Accounts Receivable (AR):
The accounts receivable is an entry in the books of accounts that represents the money or assets owned by customers or clients. Think of accounts receivable as money that belongs to the business but is currently in the hands of another party.
Accounting (ACCG):
The abbreviation ACCG is used to refer to accounting, which stands for a systematic way of recording and reporting financial transactions of a business entity. The term accounting is only used for established businesses that can sue or be sued.
Accounts Payable (AP):
Accounts payable is the opposite of accounts receivable. The accounts payable is an entry in the books of accounts that represents the money your business owes creditors such as suppliers. If you purchase goods and services on credit, you should record the amount to be paid within the accounts payable.
Assets (fixed and current) (FA, CA):
The term assets is used to refer to all the items of value that are owned by the company. If you are running a business, anything that adds value to your business can be referred to as an asset. Assets are divided into Current Assets CA and Fixed Assets FA. Current assets refer to the valuable items that will be converted to cash within one year. They include things such as cash, inventory, accounts, receivable, etc. Fixed assets, on the other hand, refers to assets that cannot be converted into cash within a year. Examples of fixed assets include machinery, real estate, land, etc.
Asset Classes:
The term asset classes is used to refer to a group of securities that behave in a similar way in the marketplace. The main asset classes are equities, fixed income bonds, and cash equivalents.
Balance Sheet (BS):
A balance sheet is one of the major financial statements prepared by accountants. It is a report that summarizes the company's assets, liabilities, and owner's equity within a given time. It is through the balance sheet that you are able to determine the growth of your business over the years.
Capital (CAP):
The term capital is used to refer to the money or assets that the company can put into use. Working capital refers to the money that is currently available for the operations of the business. Working capital is calculated by subtracting current liabilities from Current assets.
Cash Flow (CF):
The term cash flow literally means the flow of cash in your business. It is used to mean the revenue or expenses expected to be generated through business activities such as manufacturing, sales, procurement, etc. Cash flow statements are prepared within a given period of time.

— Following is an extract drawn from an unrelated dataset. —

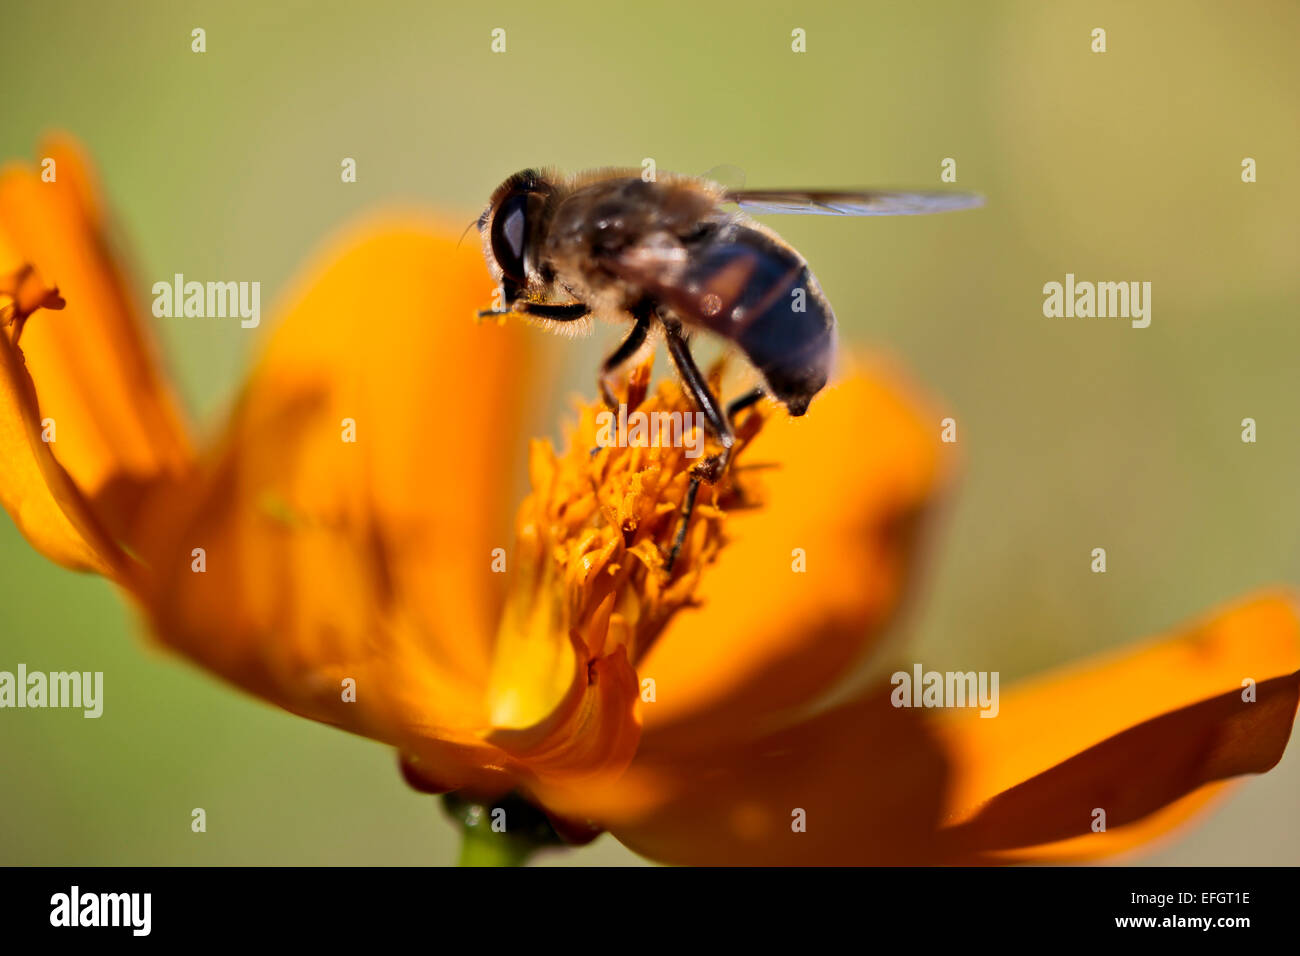 Honeybee collecting pollen from flower of Cosmos sulphureus Stock Photo

Certified Public Accountant (CPA):
The term certified public accountant is used when referring to an individual who has passed the standardized CPA exam and attained the required work experience. In other words, to become a CPA, you must meet certain terms, which include passing the exam and gaining work experience. The good news is that you do not have to pass any exams to become an accountant at your business.
Cost of Goods Sold (COGS):
The cost of goods sold refers to the direct expenses related to the goods sold by a business. The cost of goods sold can be arrived at by using different formulas depending on the business model. For instance, the cost of goods sold in the retail business is as simple as the cost of purchasing the goods from the supplier. However, in a manufacturing business, the cost of goods sold might include the cost of raw material, labor, and power, among other factors.
Credit (CR):
The word credit, as used in accounting, refers to an entry in the books of accounts that indicates a decrease in assets or an increase in liabilities and equity on a balance sheet. As we will see later, if you are using a double-entry method of bookkeeping, every transaction recorded must have two entries ( A debit and a credit entry).
Debit (DR):
The term debit is the opposite of credit. A debit is an entry into the books of accounting that indicates either an increase in assets or a decrease in liabilities on the balance sheet.
Diversification:
This refers to the process of allocating capital to various assets. In diversification, a company might choose to invest in different areas from its main operations in a bid to reduce risks
Enrolled Agent (EA):
An enrolled agent is a tax expert who represents taxpayers when dealing with the Internal Revenue Authorities. You may hire an enrolled agent to help you process your taxes, or you may choose to process taxes yourself.
Expenses (fixed, variable, accrued, operation):
The term expenses is used to refer to the amount of money used on a day to day business operations. There are 4 main types of expenses. We have fixed expenses (FE), which refers to payments such as rent that will happen regularly, whether the business is operational or not. Variable expenses (VE) represent expenditures such as labor that may change over a given period. We have accrued expenses (AE), which represent expenses that are yet to be paid. Lastly, we have operational expenses, which include expenses that are not directly related to the production of goods or services such as taxes, insurance, etc.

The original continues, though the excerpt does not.